A new generation of Korean chefs
If it lives in the sea, you’ll find it at this market. There are mounds of tuna, squid and soft scallops. Beside the market, restaurants sell seafood fresh from their store-front tanks.
This is a familiar scene for Phillip Lee, an assistant sous chef at Namu, a contemporary Japanese restaurant at the W Seoul Walkerhill Hotel. Lee comes here regularly.
Even in jeans and a leather jacket, Lee seems too delicate to wield a fish knife.
That makes him immediately stand out among the many sushi masters who tend to adopt a more macho image.
Lee has a similar disposition to food.
In a genre of cuisine noted for strict recipes and conservative traditions, where senior chefs serve as the culinary shoguns of the kitchen, Lee expanded his territory by adding a Western palate to his authentic Japanese dishes. His grilled geoduck clams mixed with apple slices and topped with vinegar sauce are just one example.
“The rules were very clear when our senior chefs taught us how to cook,” he says.
“They showed us a certain technique, and that was how it should be done. Just like Koreans say you must put tofu in kimchi stew, the rules for preparing Japanese food are very strict in many hotels in Korea.”
In 2004, Lee put the Ritz-Carlton behind him and joined Namu at W, a hotel noted for its edgy contemporary spirit.

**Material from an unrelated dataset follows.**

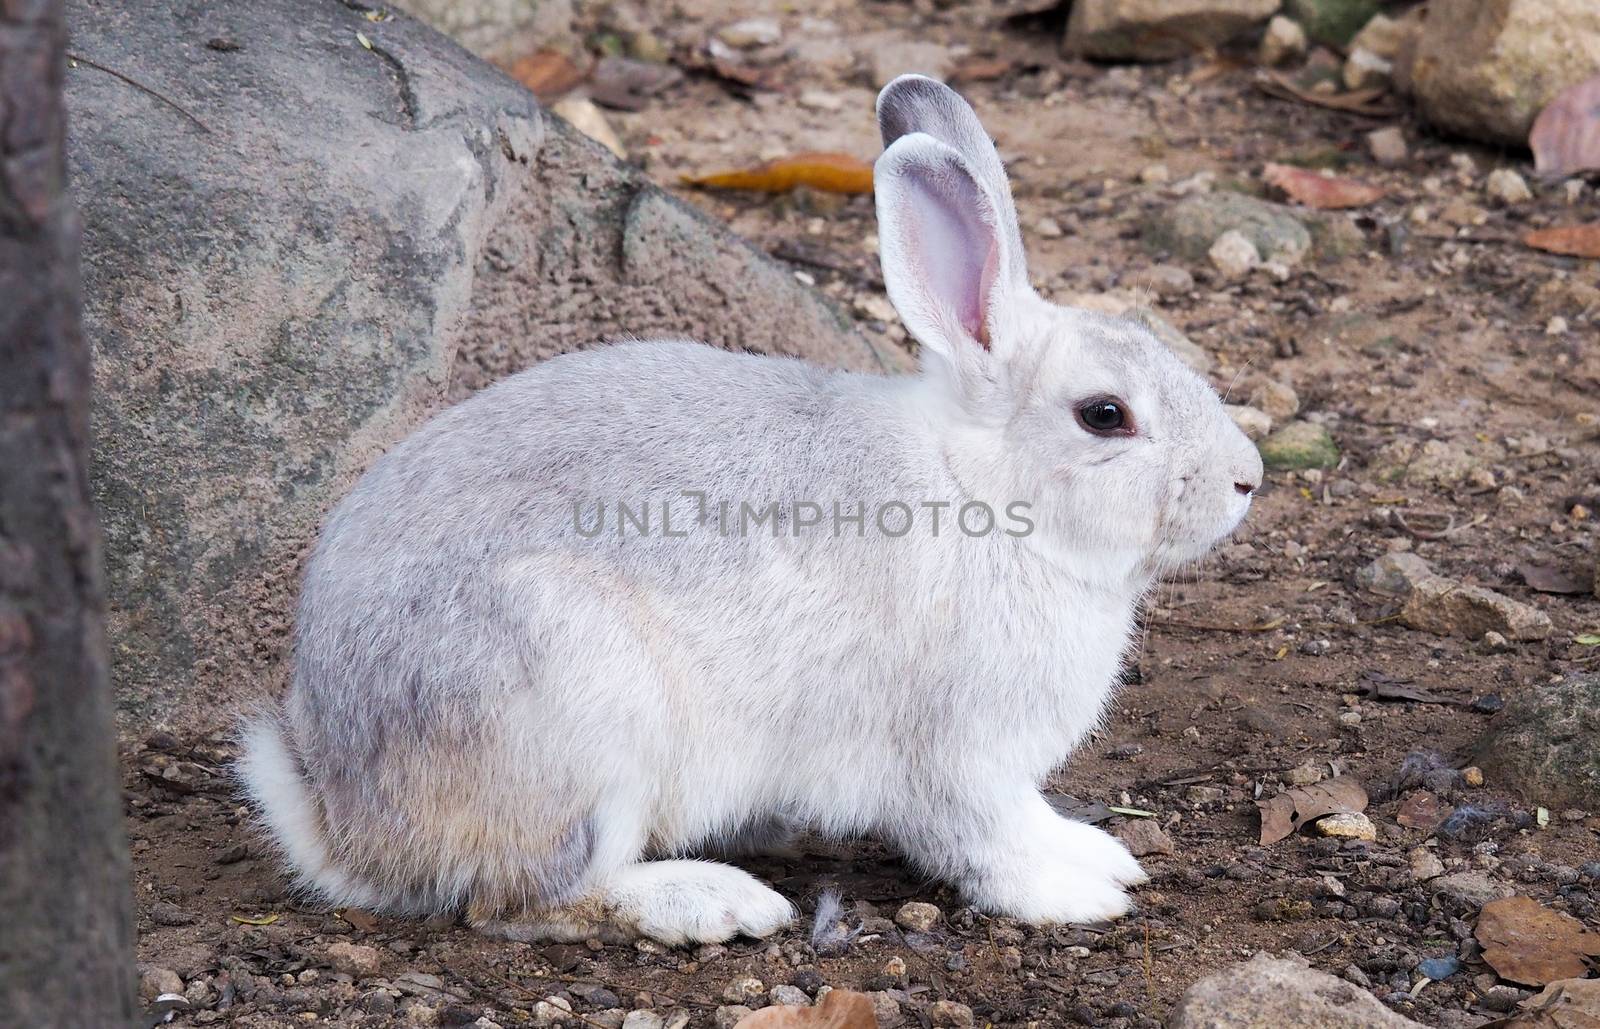 Long-eared rabbit is a skin disease. Ringworm disease from infection and inflammation, hair loss and itching, Caring for sick rabbits.

Perhaps he wanted a change after the strict training and the rigid hierarchy of Seoul’s top-class hotels.
“I had serious delusions about being a chef,” Lee says with a smile.
“I actually thought that a senior chef of the house would quietly sit down with me over coffee and biscuits and discuss my food. I didn’t expect to end up smoking in the corner near the kitchen’s back door.”
One was an accident during his earlier days as an ambitious chef.
He cut his knee with a kitchen knife. Terrified that his seniors might find out, he wrapped his bleeding wound with a bandage and kept on working until the lunch hour.
“I think of that moment as a cardinal point in my career,” he says. “I really want to keep that same spirit alive in me during my career.” ’
The second pivotal moment came much later. During a trip to Japan he was in a restaurant when he found a steamed Japanese egg custard, called chawanmushi, that had eel in it.
After working as a hotel chef in Korea for ten years, this came as a revelation.
Lee was used to making the dish using the usual ingredients of shitake mushroom, ginkgo nut, bamboo shoots and fish cake.
“The eel made me realize that chefs can mix it up a little,” he says.
At Namu, Lee ventures outside classical cooking.
His specialties include tuna tataki, a chunk of tuna lightly pan-seared with spicy seasonings, served with salmon roe and cream asparagus, and dobimushi, a pine-mushroom soup baked in the oven then boiled in a kettle.
Basics, however, stay the same.
As we traipse through the market, Lee grabs a codfish by its gills and sniffs. He lays it back on the ice bed, and tests the texture of the flesh, prodding it with his finger.
“When you’re looking for freshness, go for bright eyes and check the gills,” he says. “But the safest way is to go for seasonal items. The whole point is to serve nature on your plate.”